*WHAT YOU NEED TO DO:* Would you transcribe the whole listing exactly and drop its images?

*EXERCISE DATA:*
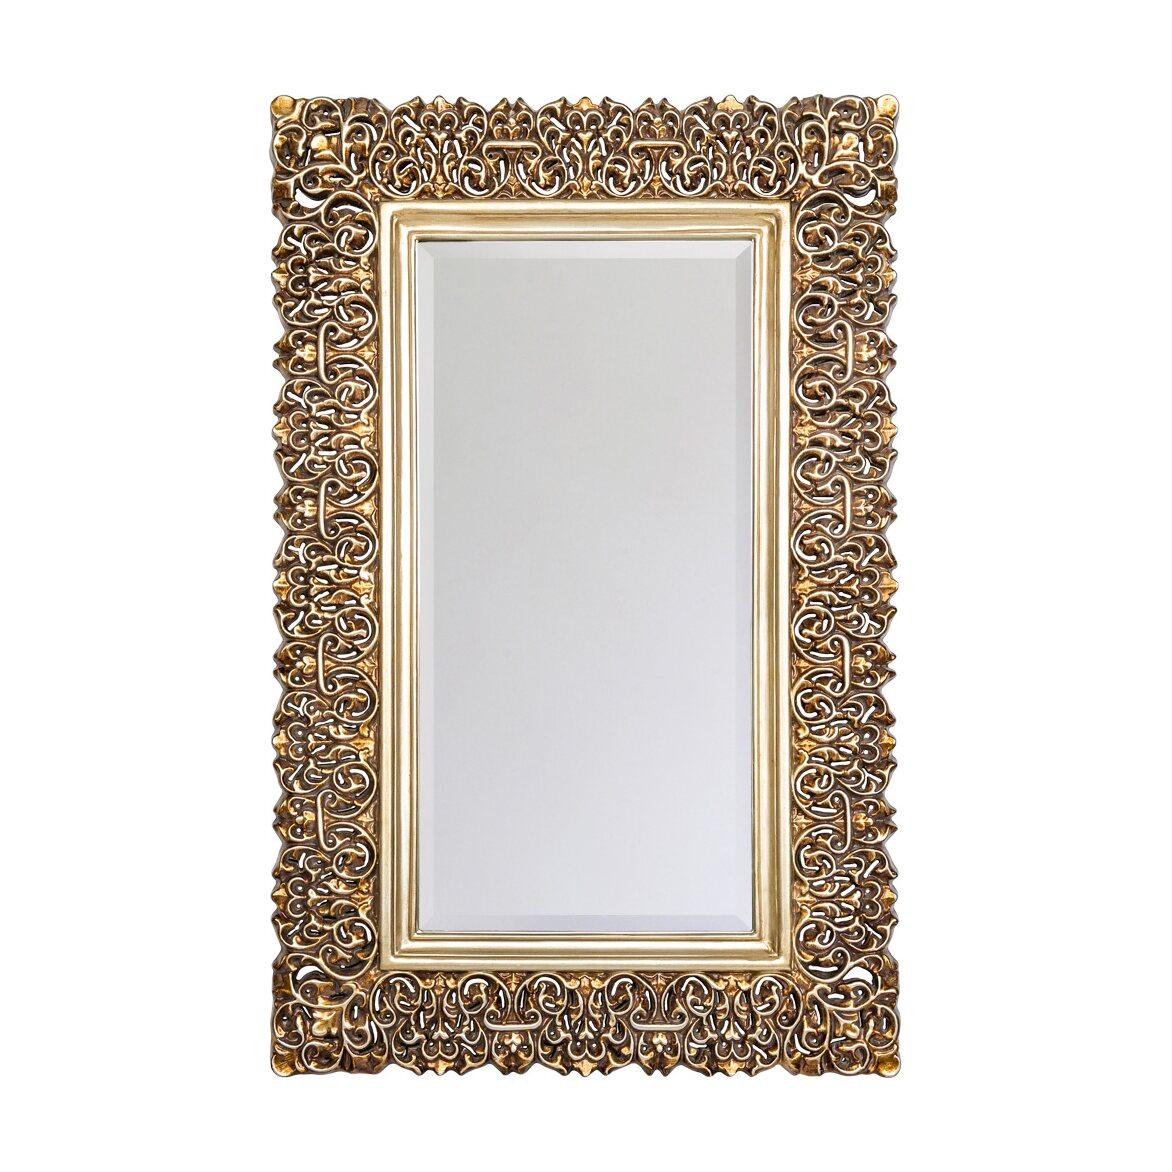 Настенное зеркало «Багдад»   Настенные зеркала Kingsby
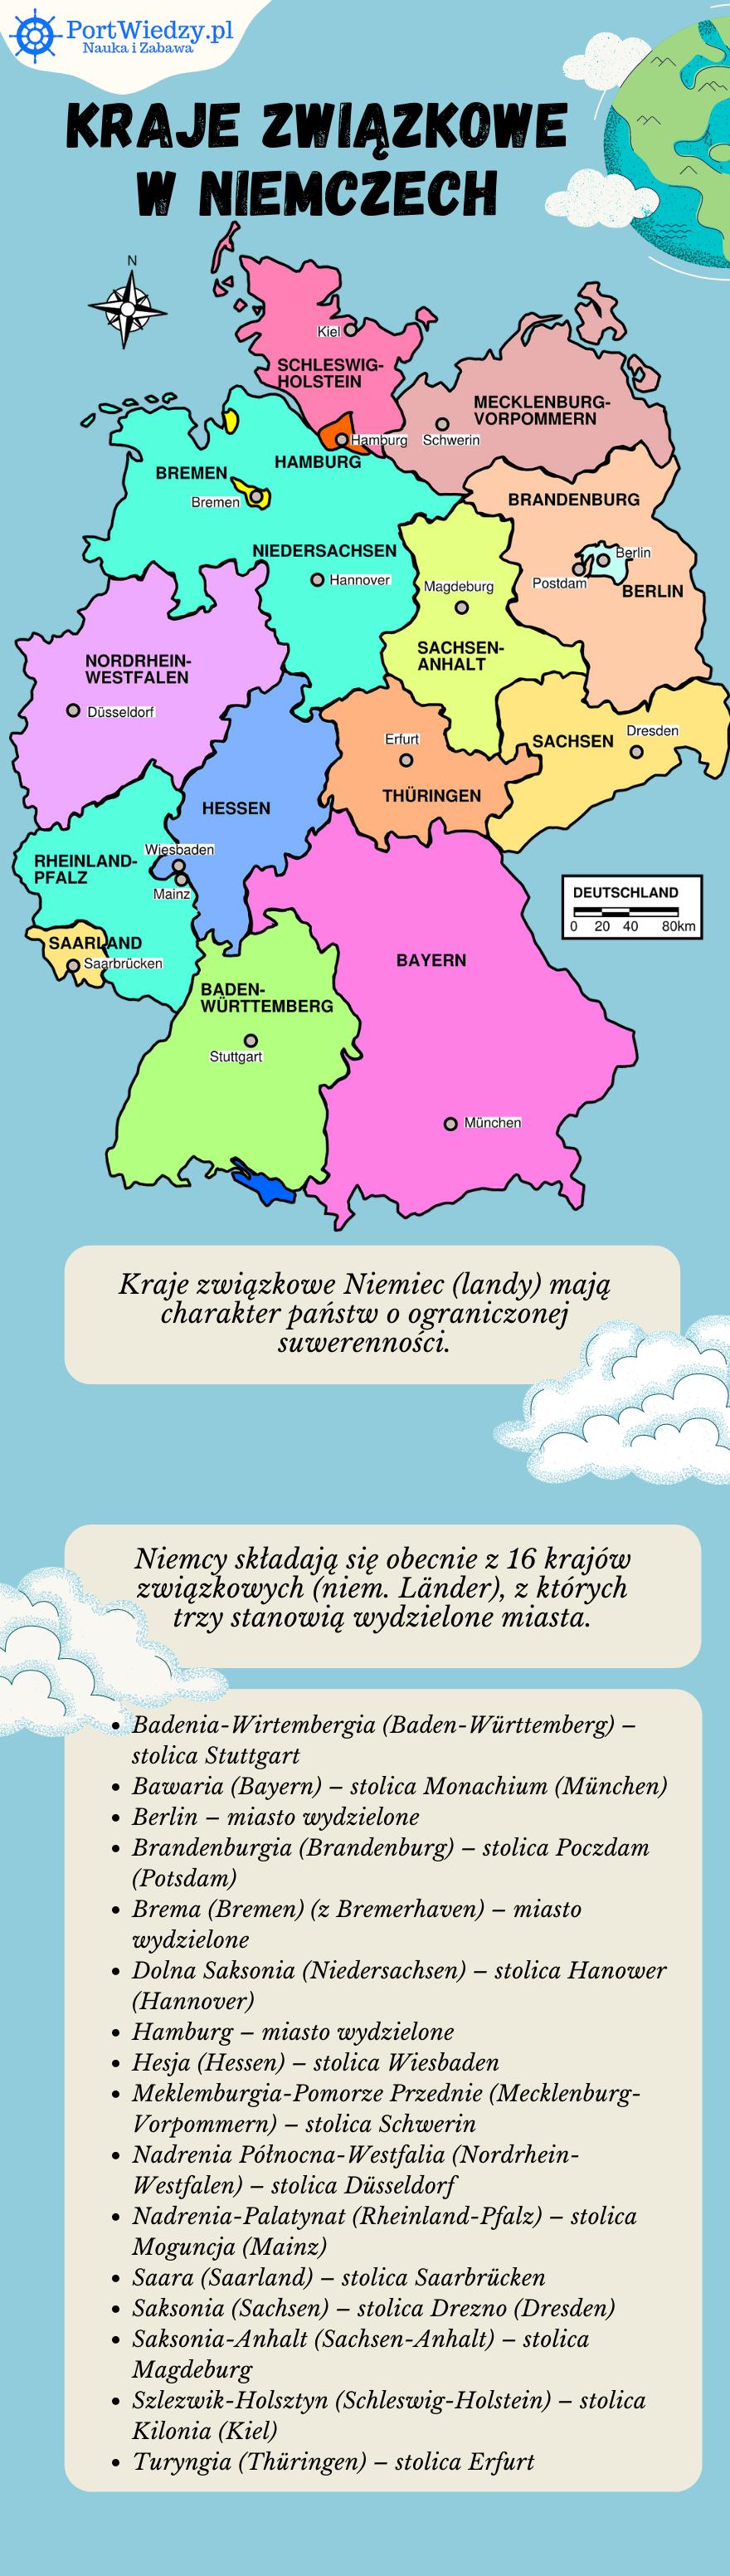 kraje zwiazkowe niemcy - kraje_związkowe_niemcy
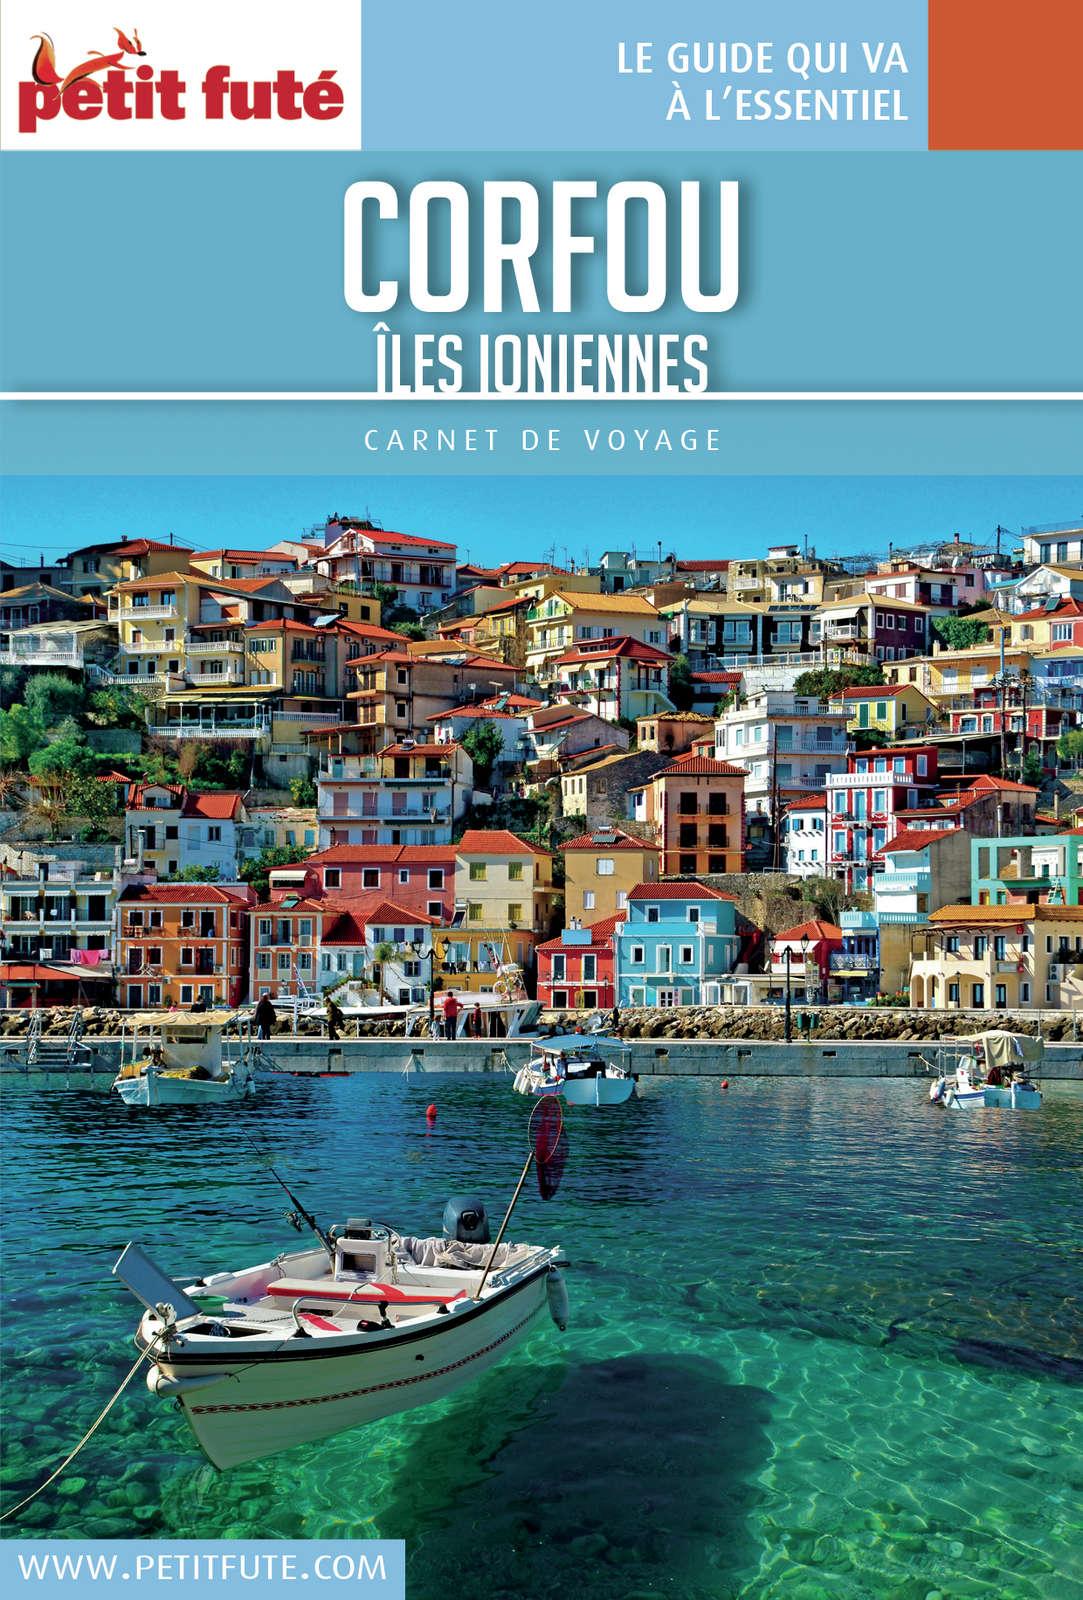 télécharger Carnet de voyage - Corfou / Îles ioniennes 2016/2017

*TASK SOLUTION:*
 Настенное зеркало «Багдад»   Настенные зеркала Kingsby
 kraje zwiazkowe niemcy - kraje_związkowe_niemcy
 télécharger Carnet de voyage - Corfou / Îles ioniennes 2016/2017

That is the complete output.